What is bothering you at the moment?

sahxox

Well-known member
I don't like that, either. :thumbdown: Although I do know there can be extenuating circumstances, and seeing those time stamps brings up all these assumptions in our minds. Thanks, Facebook!

Yeah I usually give em a day or two ;) but some people are serial offenders
 

moses

Member
Something tells me this thread isn't being taken seriously .....

That the second time i heard this today. I think some people in here don't like being serious all the time because it makes them more depressed. I guess It's good to loosen up sometimes :)

And yes there is something bothering me at this time.....my drunk mother :rolleyes:
 

Alienated

Well-known member
Loneliness and frustration is eating my lunch... I can't make sense out of anything anymore, and feel totally lost.
 

mikebird

Banned
I got approached about a magazine delivery job which was in my old hometown area which I knew.

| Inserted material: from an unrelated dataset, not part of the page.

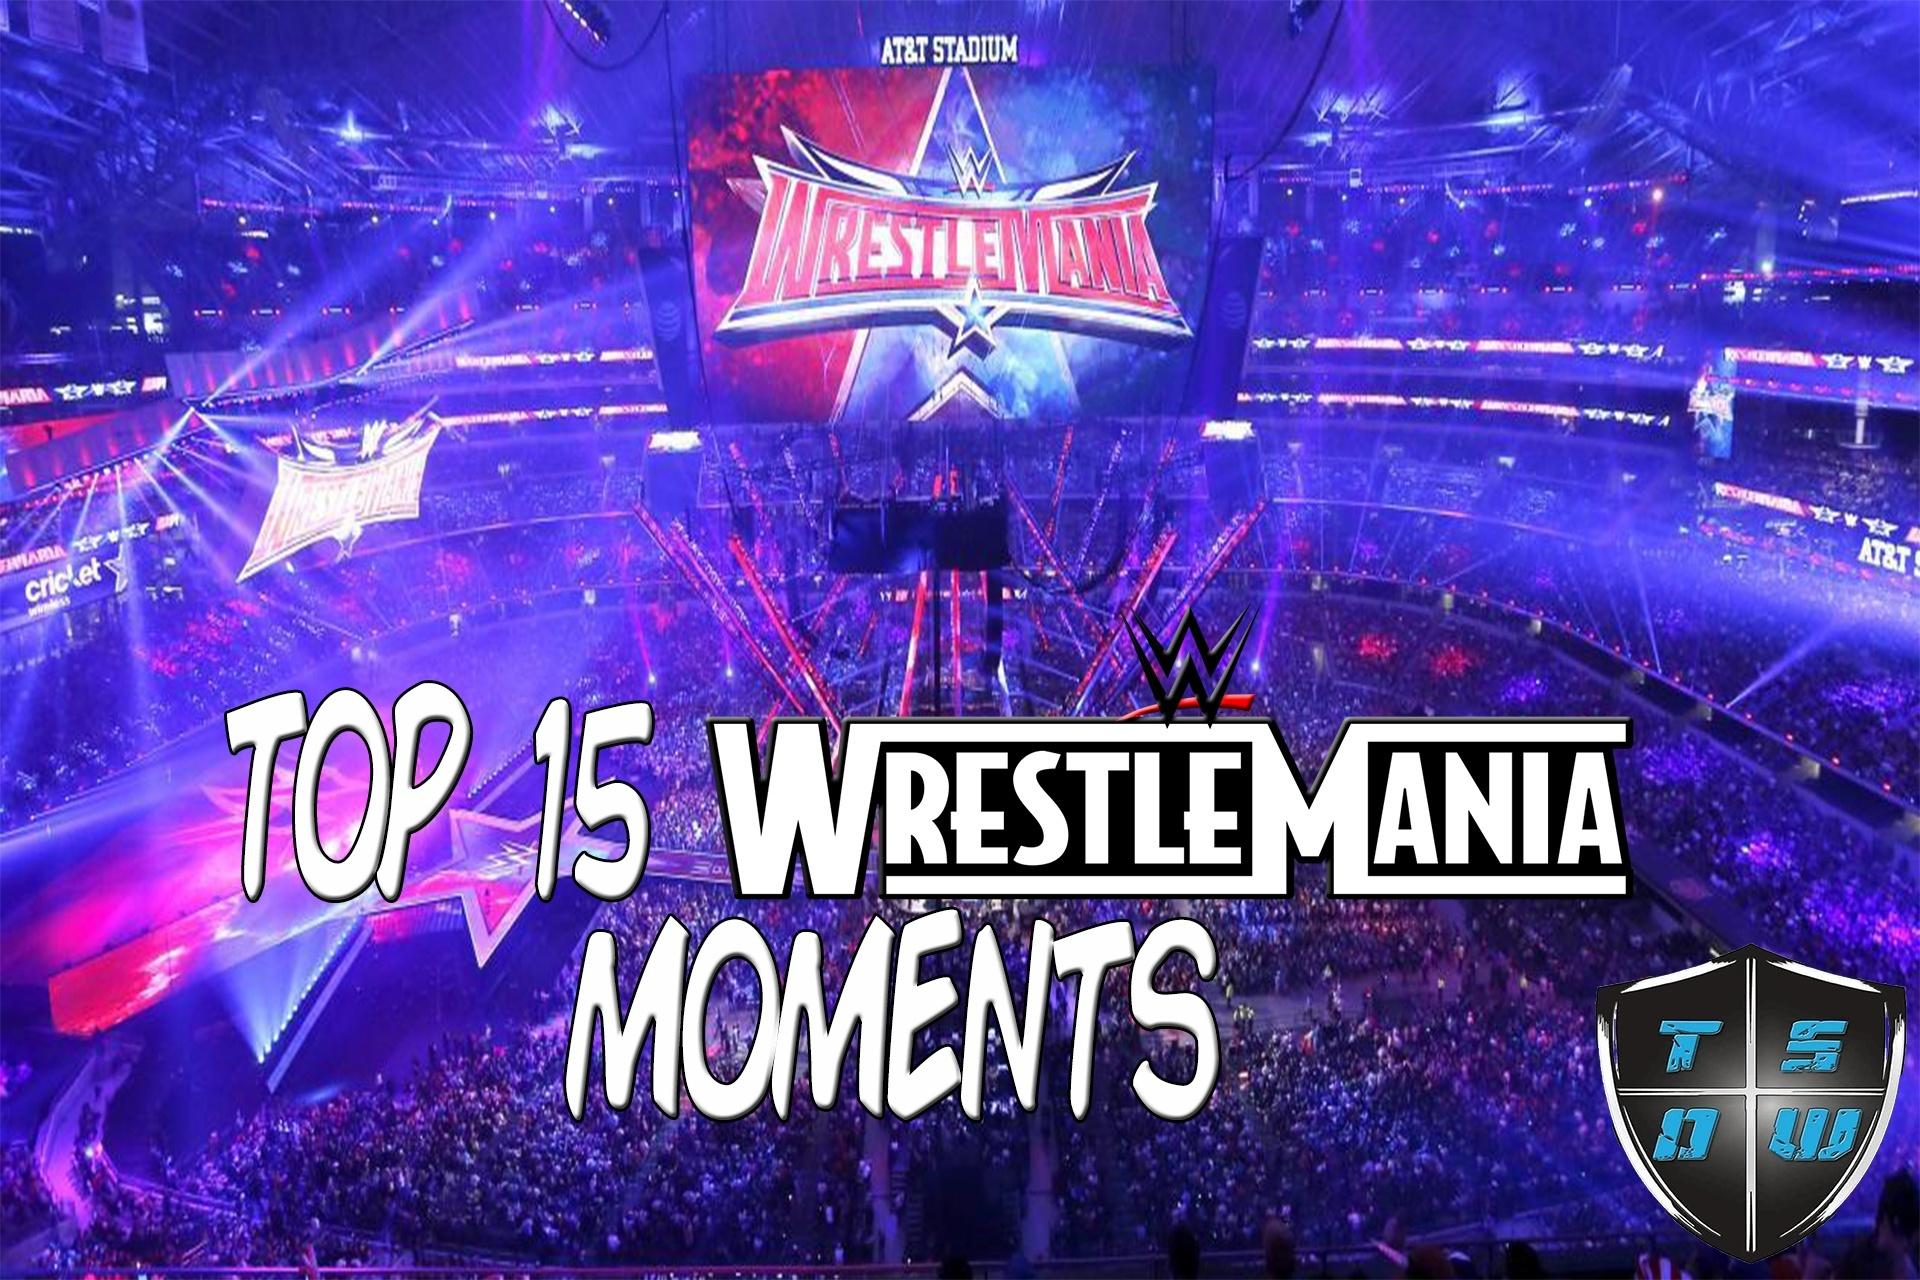 top 15 WrestleMania moments

Got details together and quite liked. I received a message about my enthusiasm being fantastic

After a lot of good emails, she asked for my phone number. This spelt doom immediately

I replied with my number and that she must state her outgoing number before calling. I can't afford to answer any unknown number. I didn't get her number. As I was on another line with someone else, I knew it would be her. With no area code to help with location, her anonymous, useless mobile number, it became difficult. Still expect to cope with little stuff, but
stopping talking to one to speak to the other, or vice-versa happens to me every day. The flick of either eyelid leads to absolute loss.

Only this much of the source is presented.